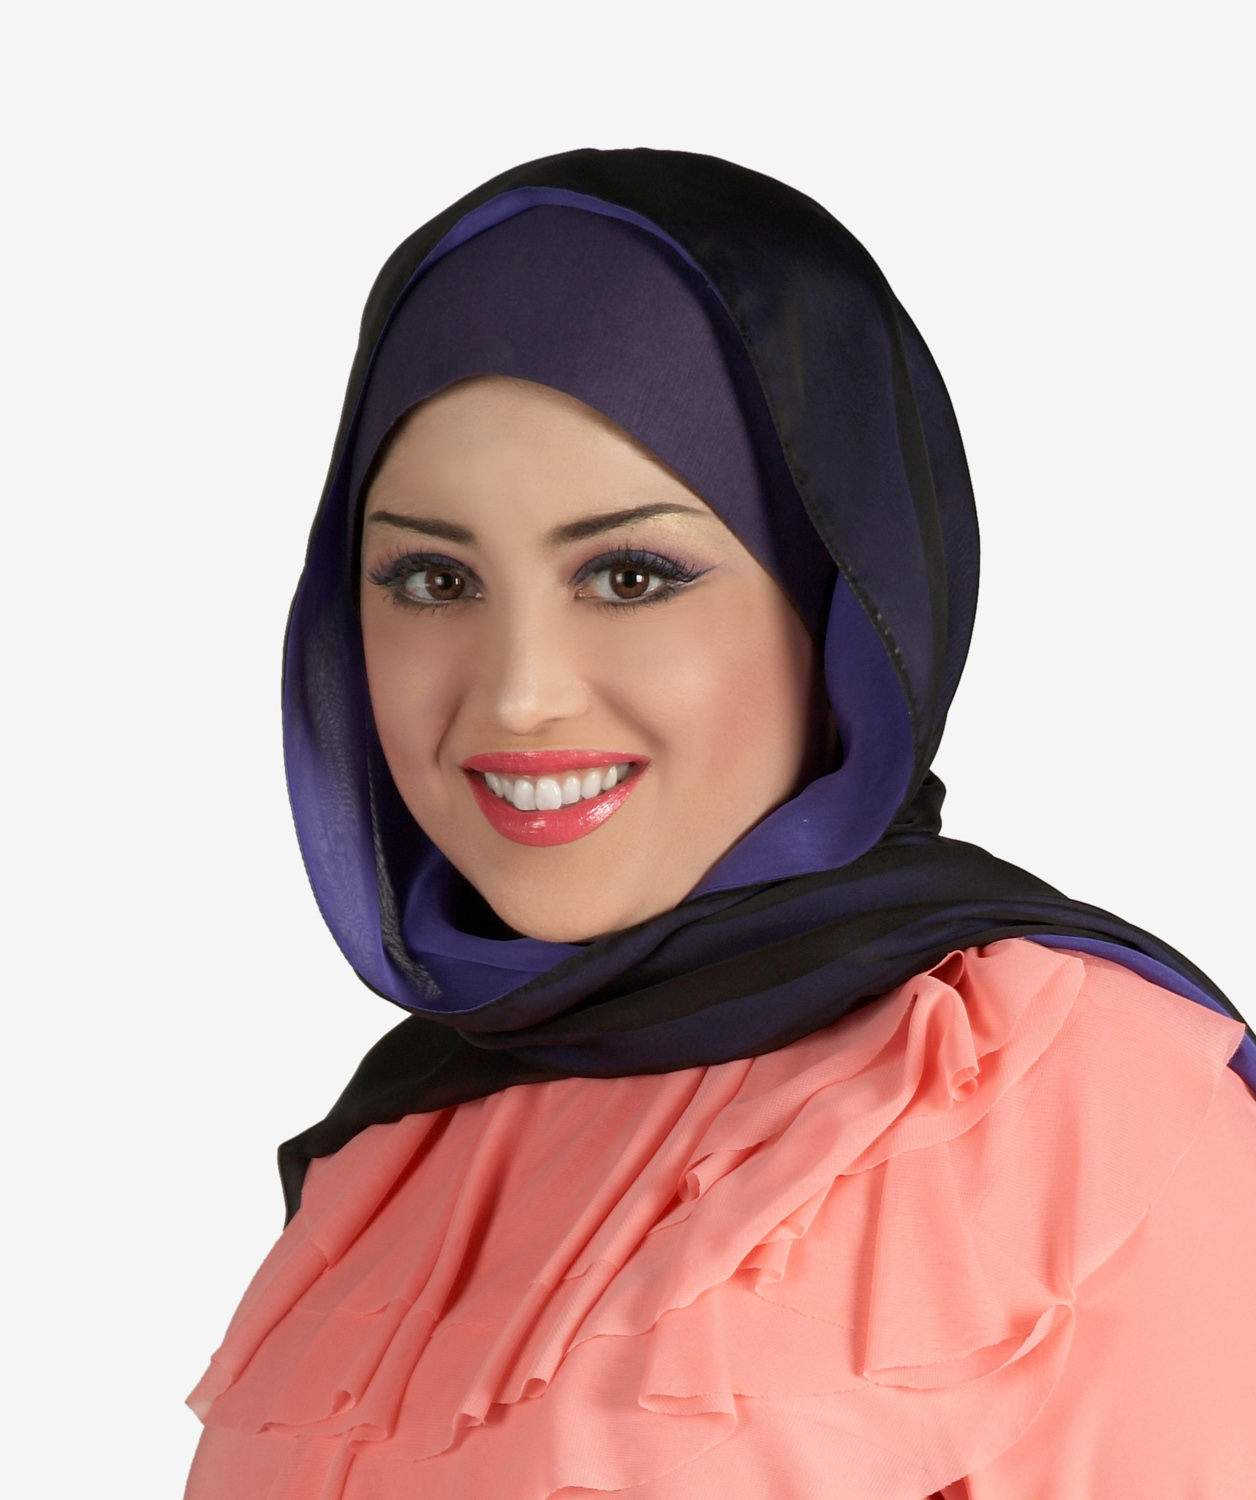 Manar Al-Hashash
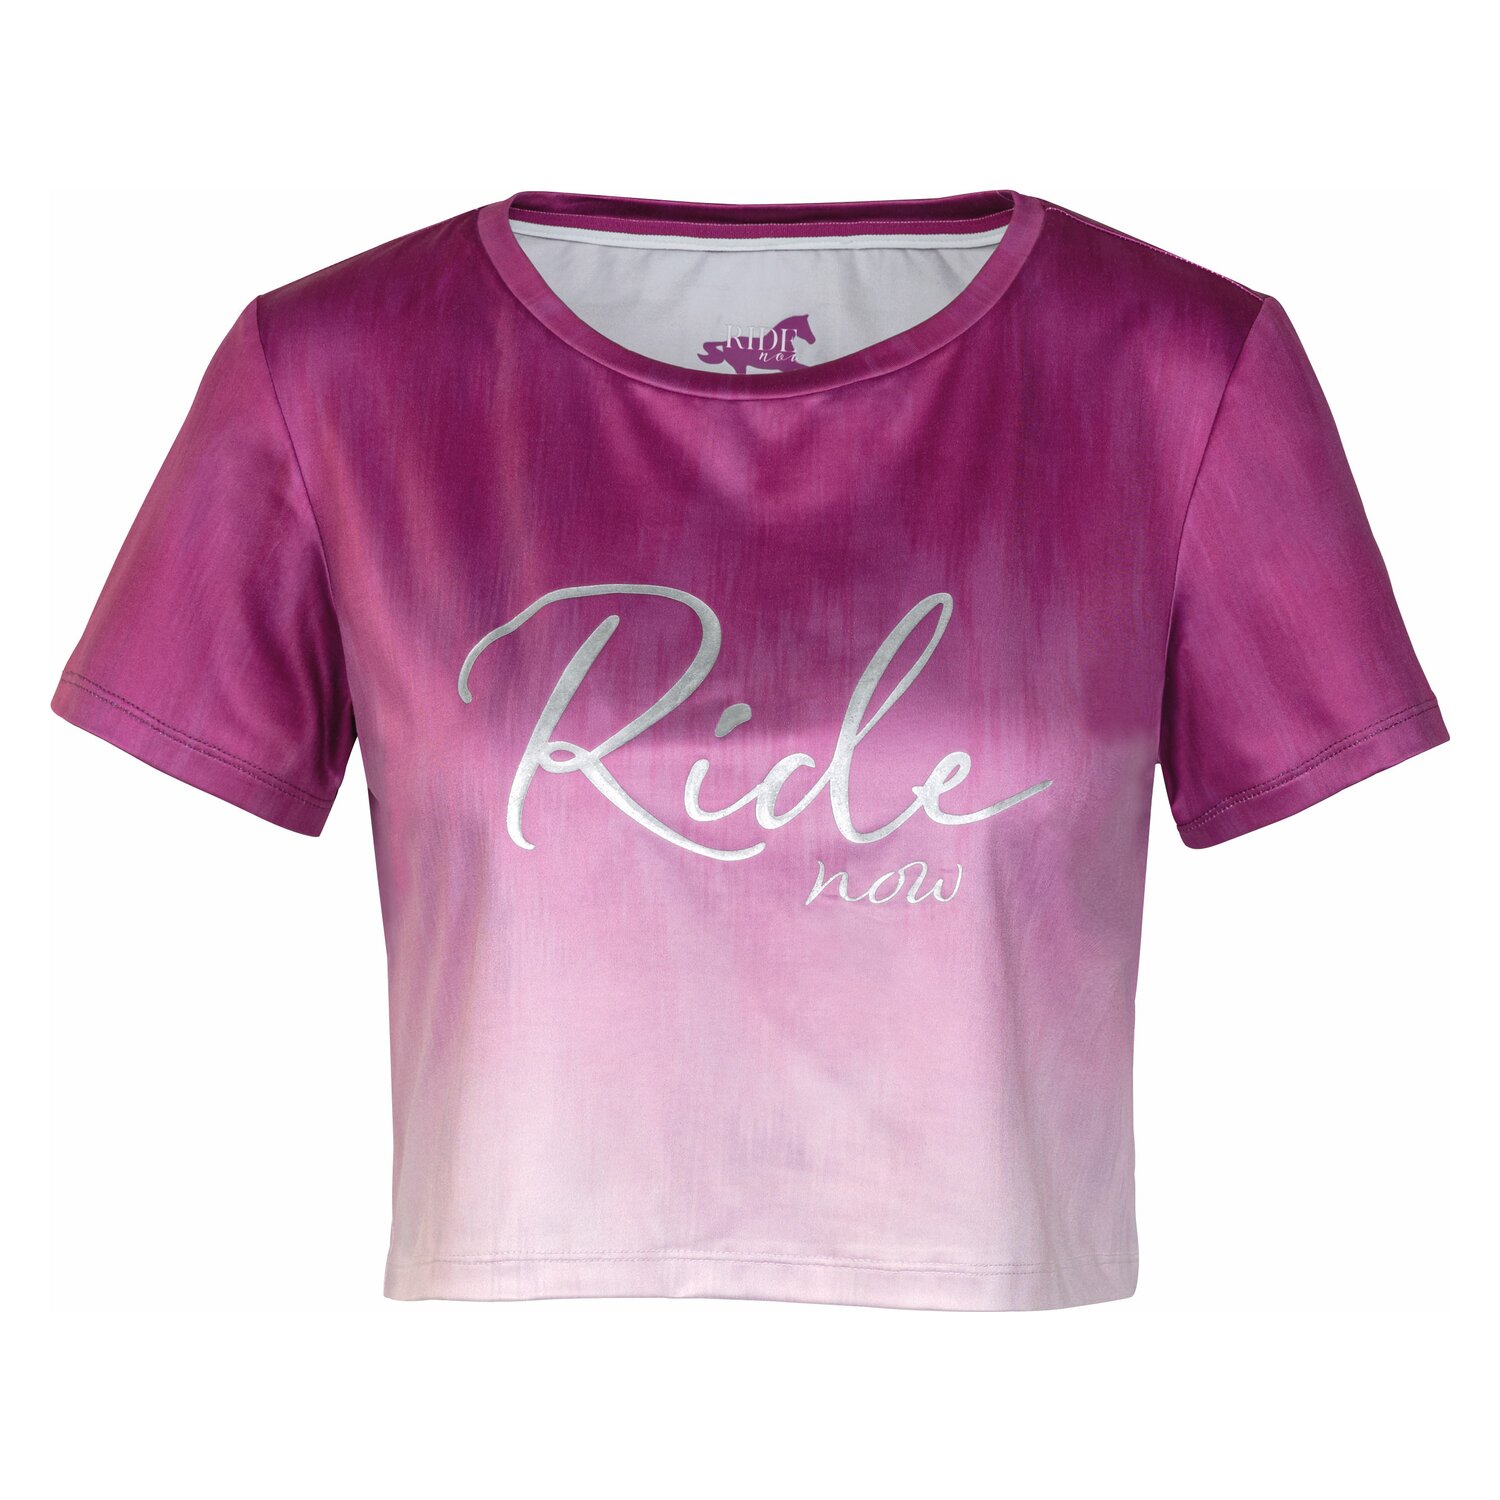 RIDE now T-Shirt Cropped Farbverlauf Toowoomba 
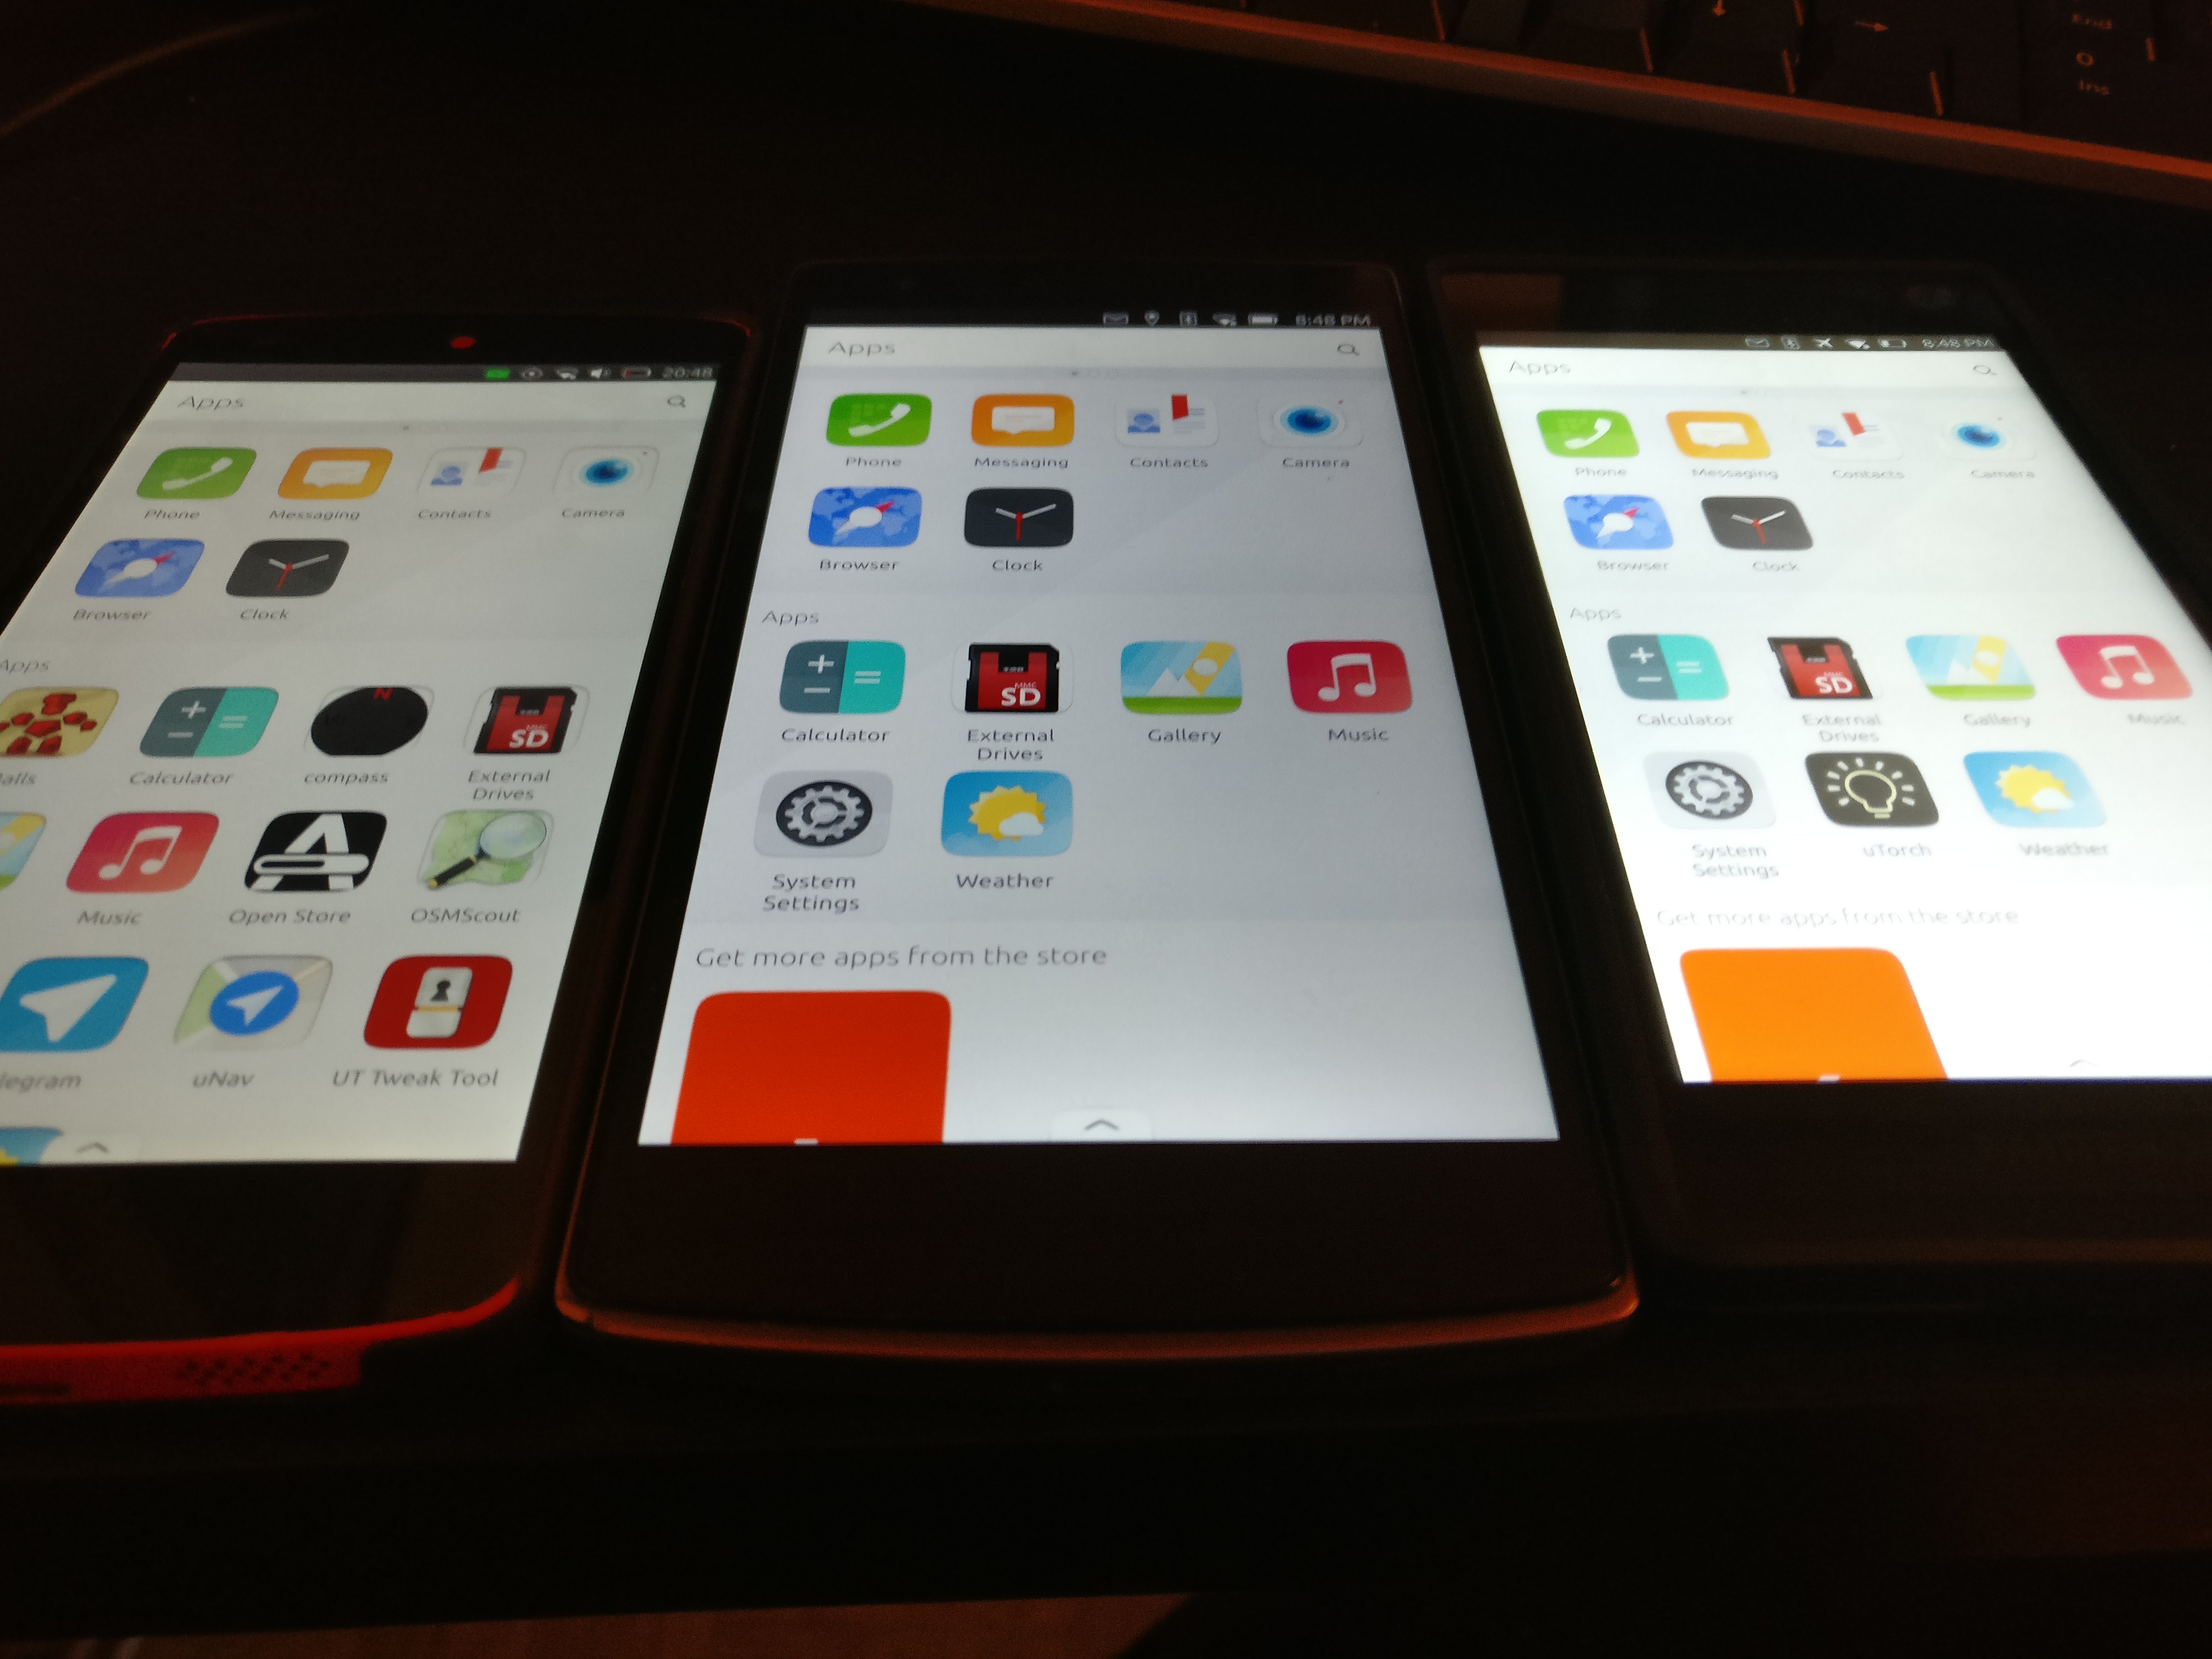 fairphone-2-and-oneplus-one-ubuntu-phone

────────────────────────────────────────

Reproduce exactly the lines above from the one with "RIDE now T-Shirt" through the last line of the data, keeping both ends and dropping the pictures.

 RIDE now T-Shirt Cropped Farbverlauf Toowoomba 
 fairphone-2-and-oneplus-one-ubuntu-phone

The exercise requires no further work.